Em 1726, D. João V (1689-1750) adquire três quintas na zona de Belém. A primeira tinha já uma edificação que é hoje o “Palácio de Belém”, a segunda uma ermida do Oratório, que foi depois expandido para o que é hoje o “Palácio das Necessidades” e a terceira a quinta da Ajuda reservada para a edificação de uma residência real de Verão. Ali é rasgada a Calçada da Ajuda e junto a Belém construído um cais, não chegando no entanto nenhum palácio a ser projectado.
A utilização da quinta da Ajuda como “Paço Real” deu-se no rescaldo do terramoto de Lisboa, a 1 de Novembro de 1755, já no reinado do Rei D. José I (1714-1777). O terramoto destruiu praticamente toda a cidade de Lisboa, incluindo a residência do Rei, o velho “Paço da Ribeira”, cujo complexo abraçava Terreiro do Paço, junto ao Rio Tejo. O facto não criou apenas danos materiais, mas criou também uma fobia na população lisboeta sobrevivente que receava agora uma réplica ou até um segundo abalo telúrico.

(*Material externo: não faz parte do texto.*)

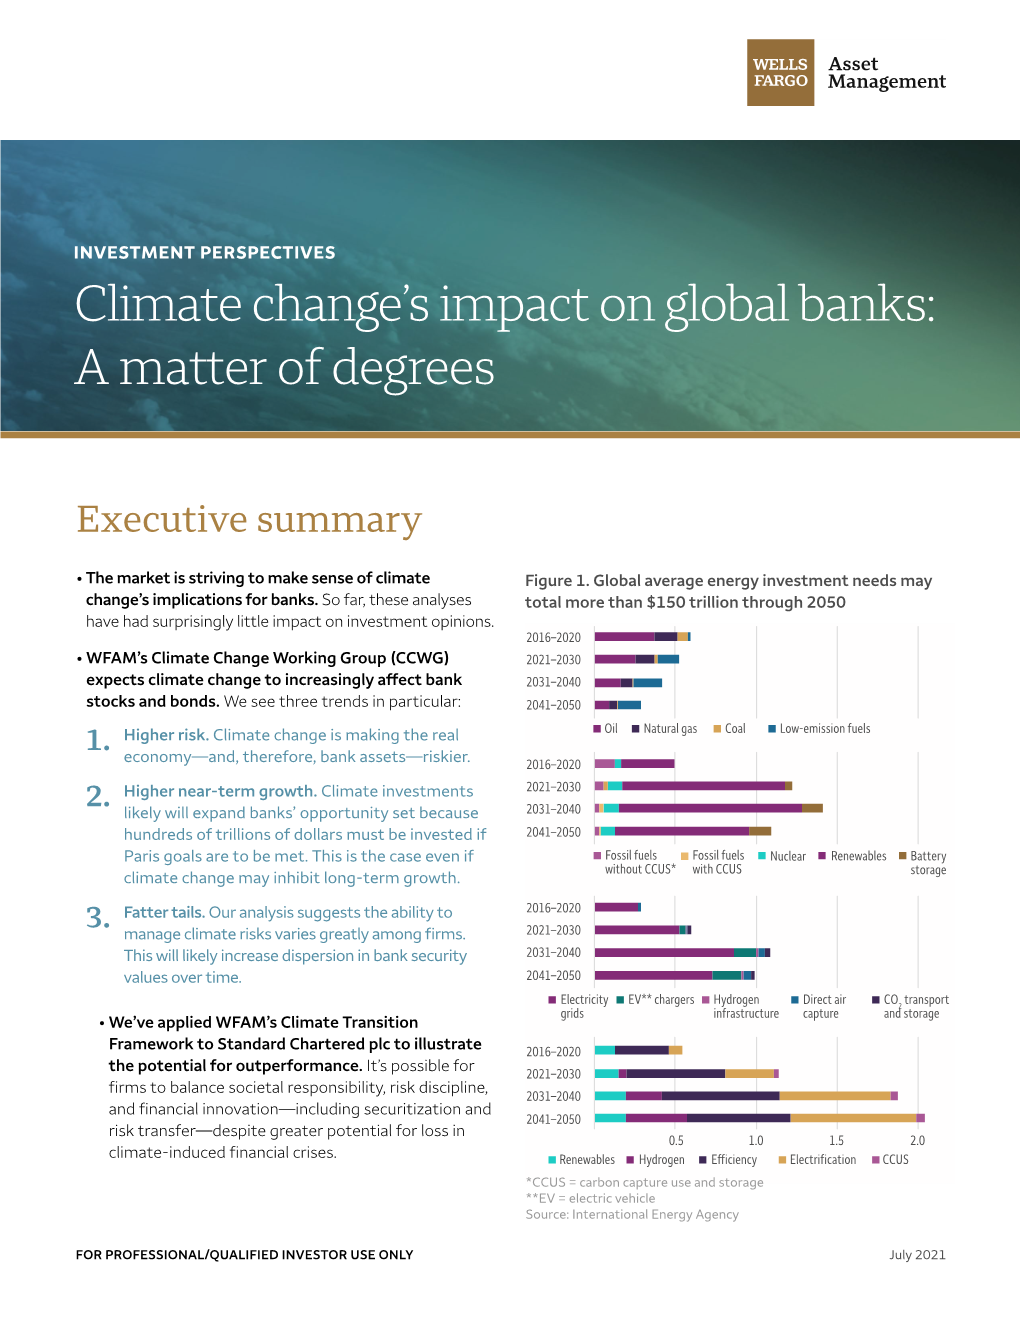 Climate Change's Impact on Global Banks: a Matter of Degrees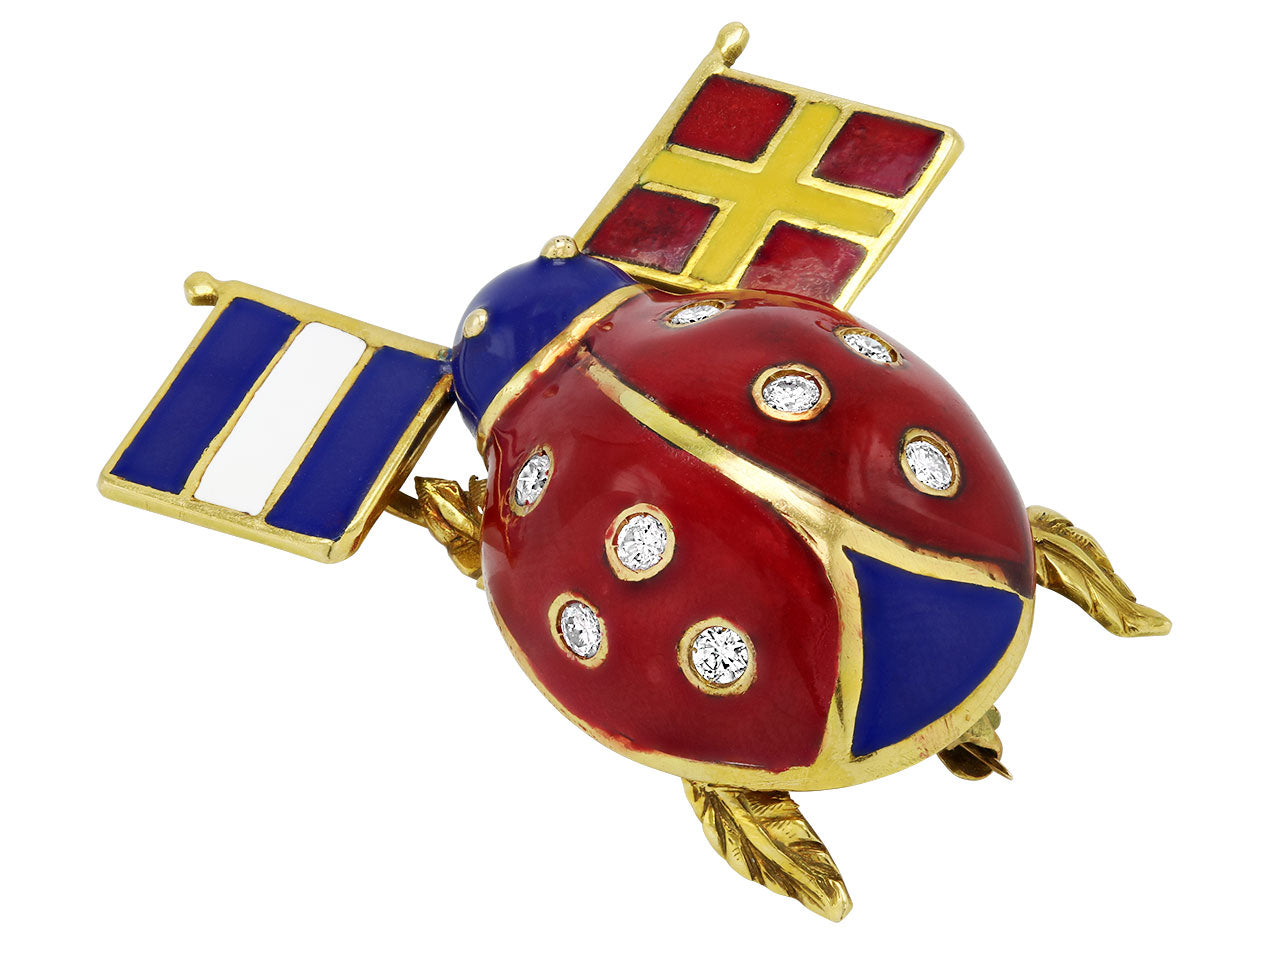 Diamond and Enameled Ladybug Brooch with Flags in 18K Gold

Embora a família Real e a Corte se encontrassem nesse dia em Belém, zona ocidental da cidade onde os efeitos do terramoto não se fizeram sentir com tanta intensidade, o Rei ficou tão perturbado com o acontecimento que se recusou a viver em edifícios de alvenaria. D. José I mandou então erigir no alto da Ajuda, local de pouca actividade sísmica, um palácio de madeira e pano, a que se chamou “Real Barraca” ou “Real Paço de Madeira”.
1877
A urgência da construção de um novo Palácio Real e o facto da família Real ter sobrevivido ao cataclismo por se encontrar na zona de baixa sismicidade de Belém/Ajuda, justificou a escolha do local. O novo Paço, habitável desde 1761, veio a ser a residência da Corte durante cerca de três décadas. Em 1794, no reinado de D. Maria I (1734-1816), um incêndio destruiu por completo esta habitação real e grande parte do seu valioso recheio.
Coube a Manuel Caetano de Sousa, arquitecto das Obras Públicas, a tarefa de projectar um novo palácio de pedra e cal, que foi traçado ainda de acordo com as tendências arquitectónicas do Barroco. Este projecto, iniciado em 1796 sob a regência do príncipe real D. João, foi suspenso decorridos cinco anos de construção, quando, em 1802, Francisco Xavier Fabri e José da Costa e Silva, arquitectos formados em Itália, foram encarregues de o adaptar à nova corrente neoclássica. Esta tarefa, continuada mais tarde por António Francisco Rosa, responsável pelo traçado de “redução” do projecto, nunca veio a ser concretizada integralmente.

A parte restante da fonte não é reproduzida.